**DATA PROVIDED:**
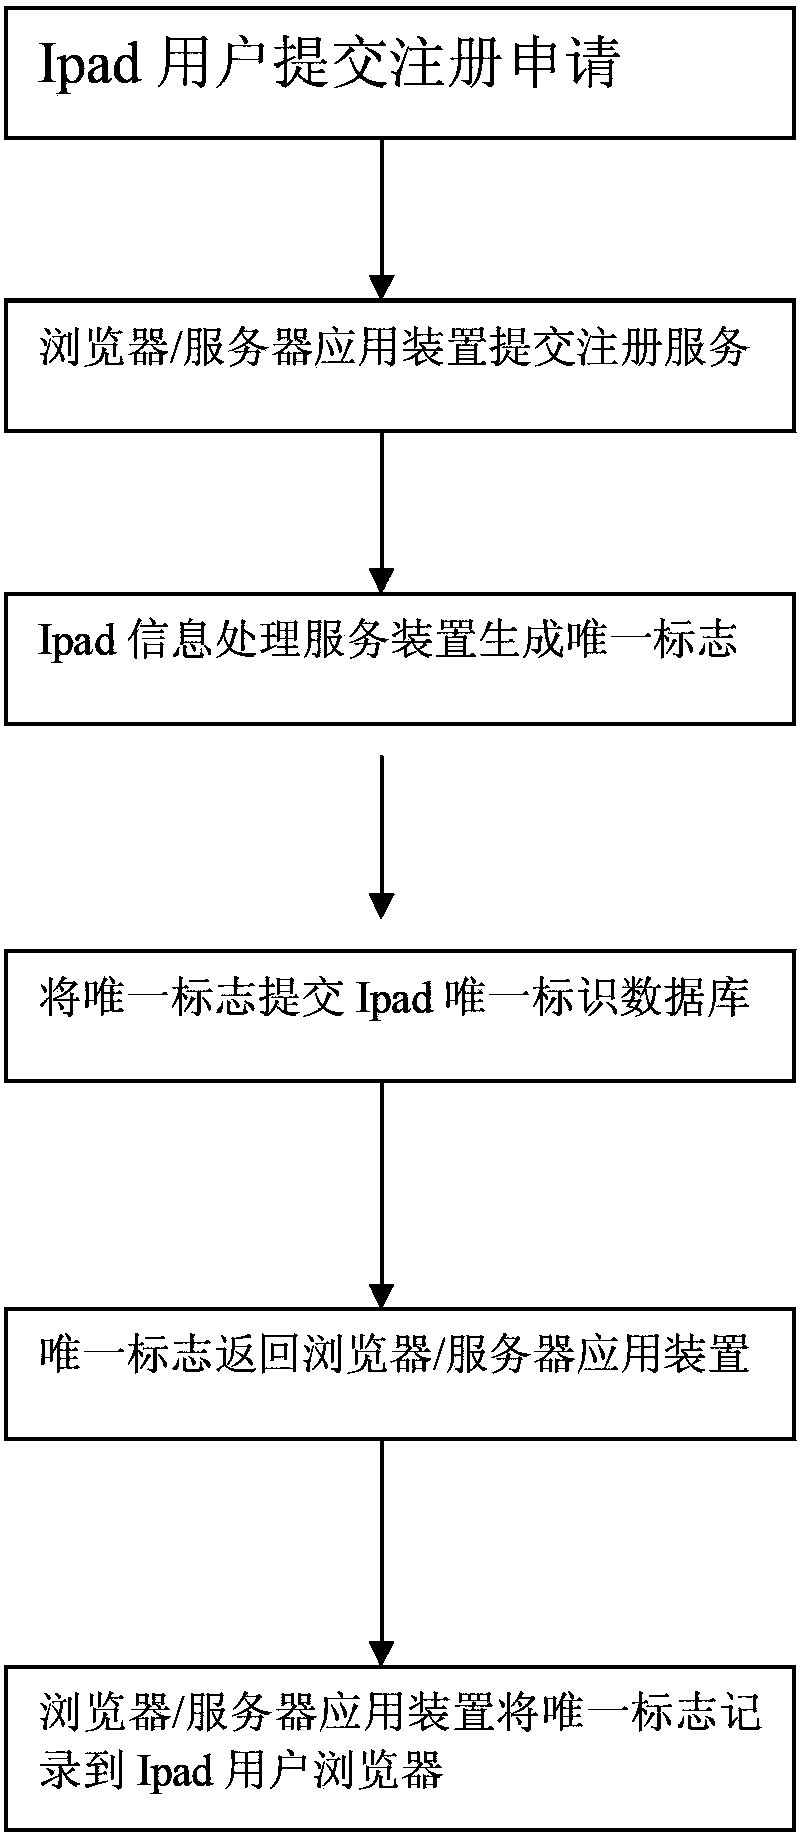 Method and device for achieving user hardware binding between browser/server (B/S) system and Ipad
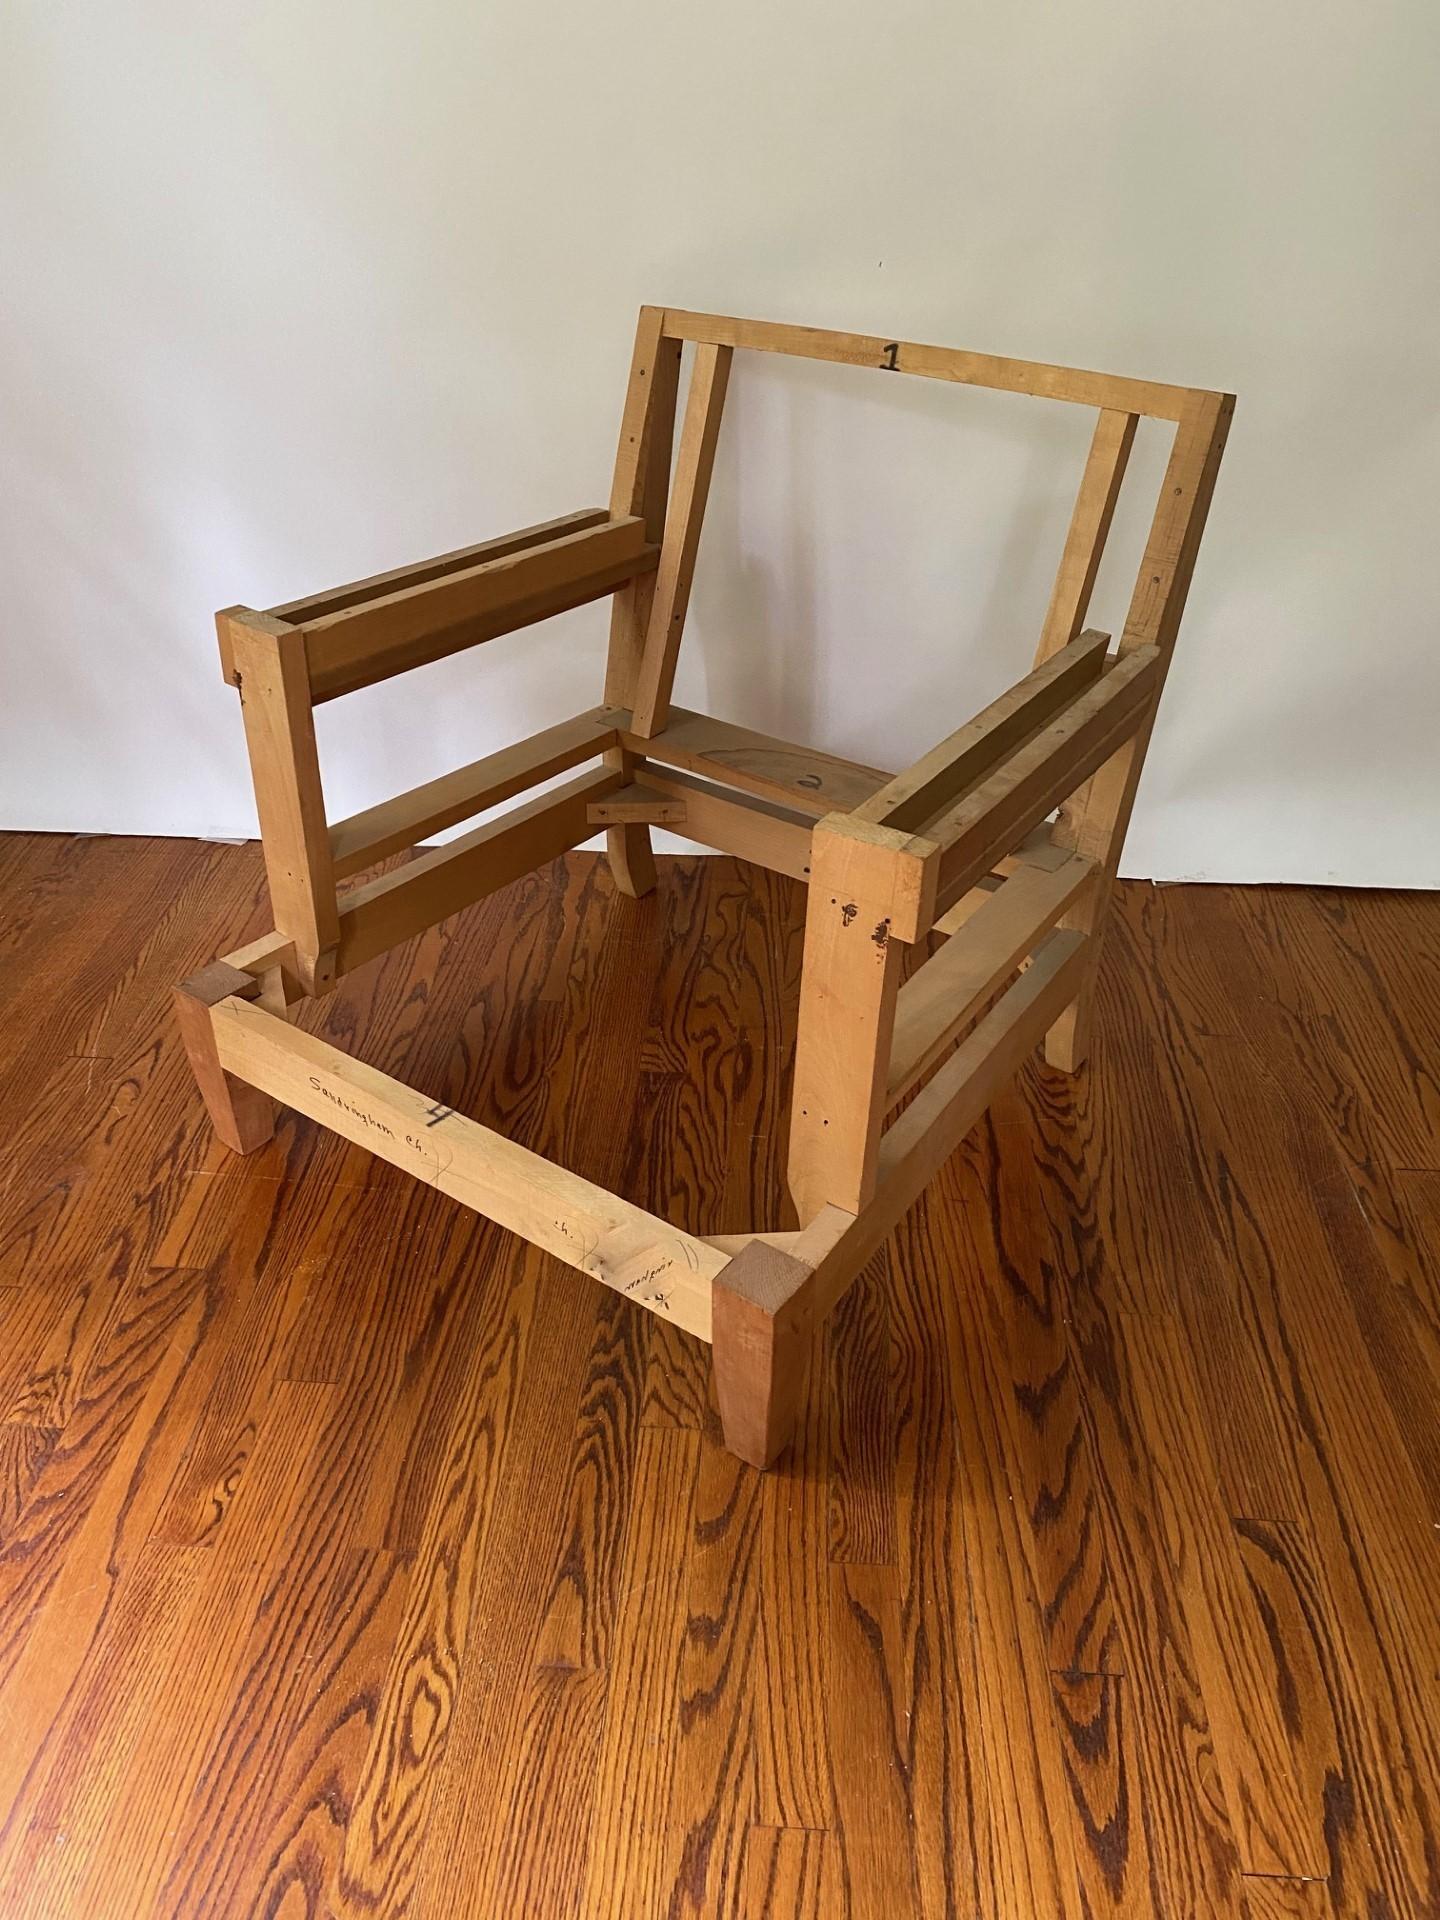 This new kiln-dried Maple Lawson style lounge chair frame with Mahogany square tapered front legs can sit comfortably in any style decor.
This stylish frame with a straight back and square arms is very study with its corner blocks.

Two (2) frames

**INSTRUCTIONS FOR THE TASK:**
Everything in the material above is to be reproduced exactly, pictures aside.

**ANSWER SECTION:**
 Method and device for achieving user hardware binding between browser/server (B/S) system and Ipad
 This new kiln-dried Maple Lawson style lounge chair frame with Mahogany square tapered front legs can sit comfortably in any style decor.
This stylish frame with a straight back and square arms is very study with its corner blocks.

Two (2) frames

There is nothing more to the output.